Most Zipcars are imports, but they have a few Ford Escapes and Focuses. They have a small number of Honda Elements and pickup trucks for hauling things around, but a more traditional rental company like Enterprise or even U-Haul is probably a better bet for such purposes. Zipcar is focusing on small, efficient, "cool" cards aimed squarely at the young urban professional crowd, who need to move people and not things, by and large.


nbk, i'll have to disagree with you on point 2, mainly because by using zipcar you're not decreasing the amount of money you're sending halfway around the world. however, i will agree that you might spend more money locally.

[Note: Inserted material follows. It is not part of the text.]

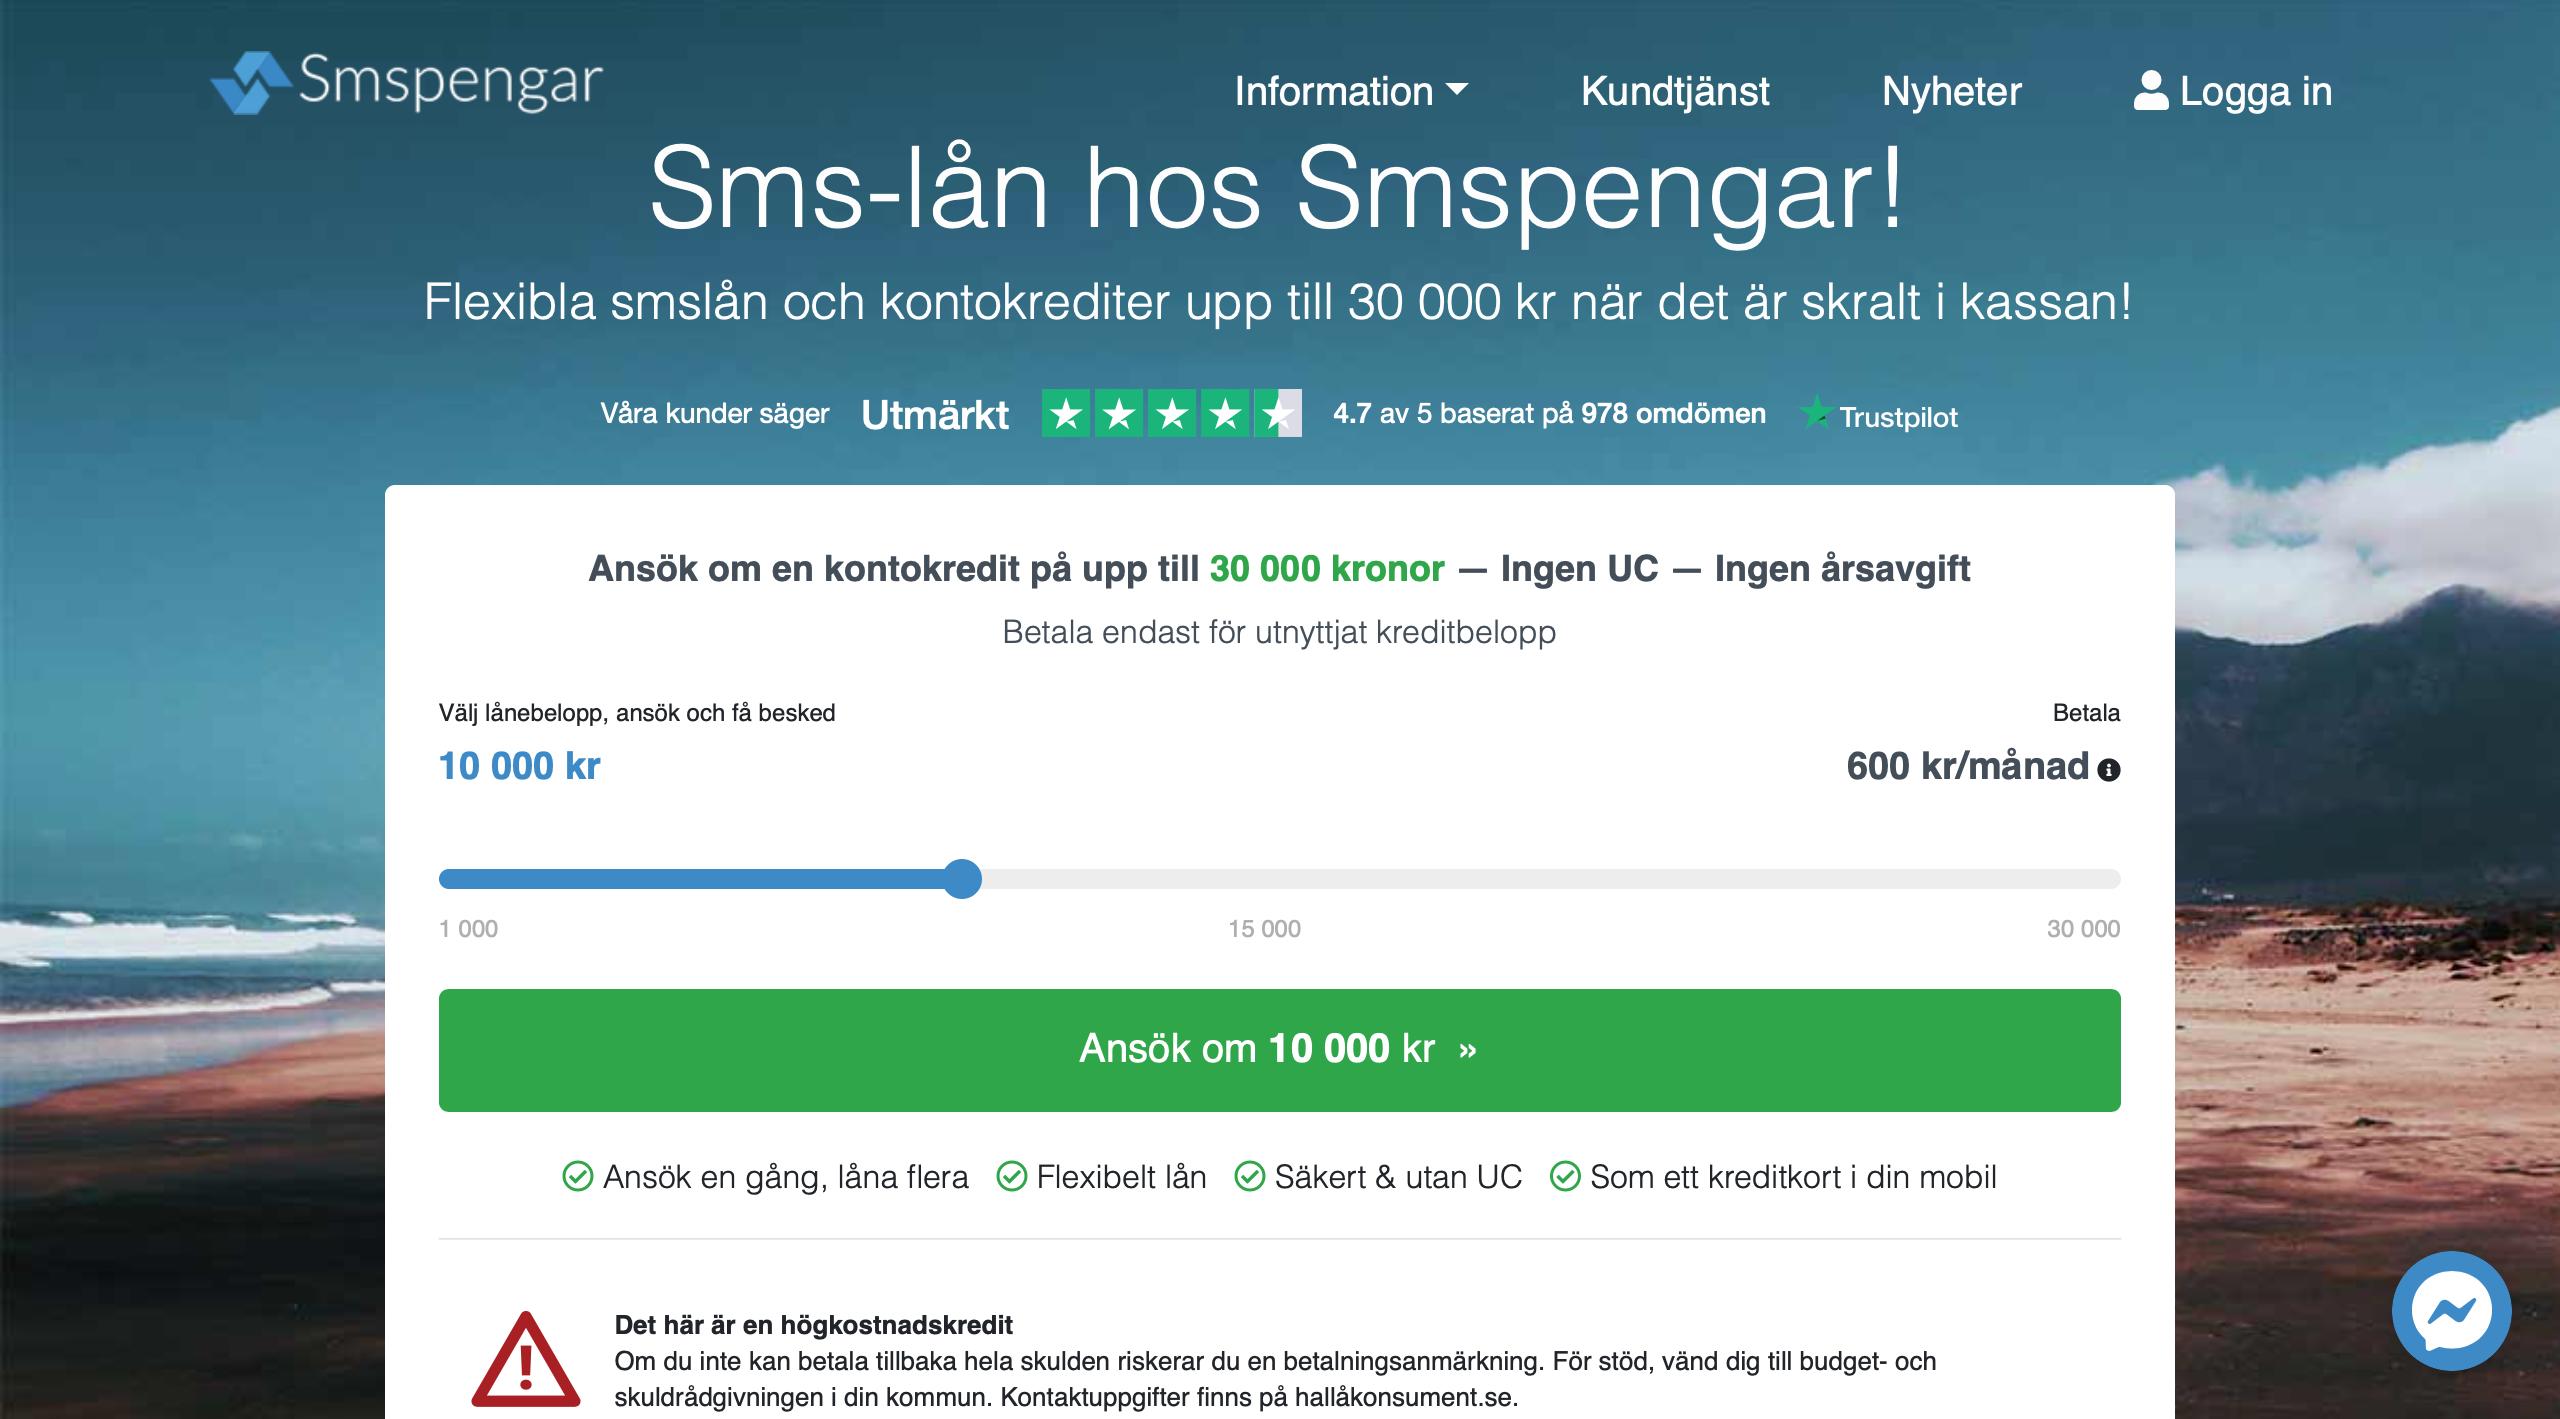 SMSPengar

also i don't get this whole "halfway around the world" deal. if they make better cars, why are they any less deserving of our money? this is capitalism guys.


Oversears automakers no less deserving if they put out a good car -- I agree. But the fact remains that sending more money overseas does us less good than sending less money, given the same amount of utility derived from spending the money.

I would argue that Zipcar does likely result in less money spent on cars (and therefore spent overseas), to the extent that it does cause a certain number of people to forego purchasing cars to begin with. I think that some amount of people forego cars because of the availability of Zipcar, I just express doubt over whether that actually amounts to twenty cars foregone, because my gut tells me that it probably amounts to a smaller number. I also think that Zipcars marginally reduce the total oil consumed, because Zipcars tend to be highly efficient models, and Zipcar probably does encourage some public transit use. I don't think the effect is large, however, because (based on personal consumption patterns) Zipcar also creates a certain number of rides where none were before, eating into the savings. My guess is that the net effect is slightly positive, regarding oil consumption.

Only if the Zipcar fleet is more skewed towards imports than the fleet of cars that would otherwise be purchased privately would the import reduction effect the dampened. But in the cities where Zipcar is located, and among the consumers whom they target, American cars are very unpopular, and thus Zipcar's heavily imported fleet mix is probably no more skewed towards imports than what the average person would buy.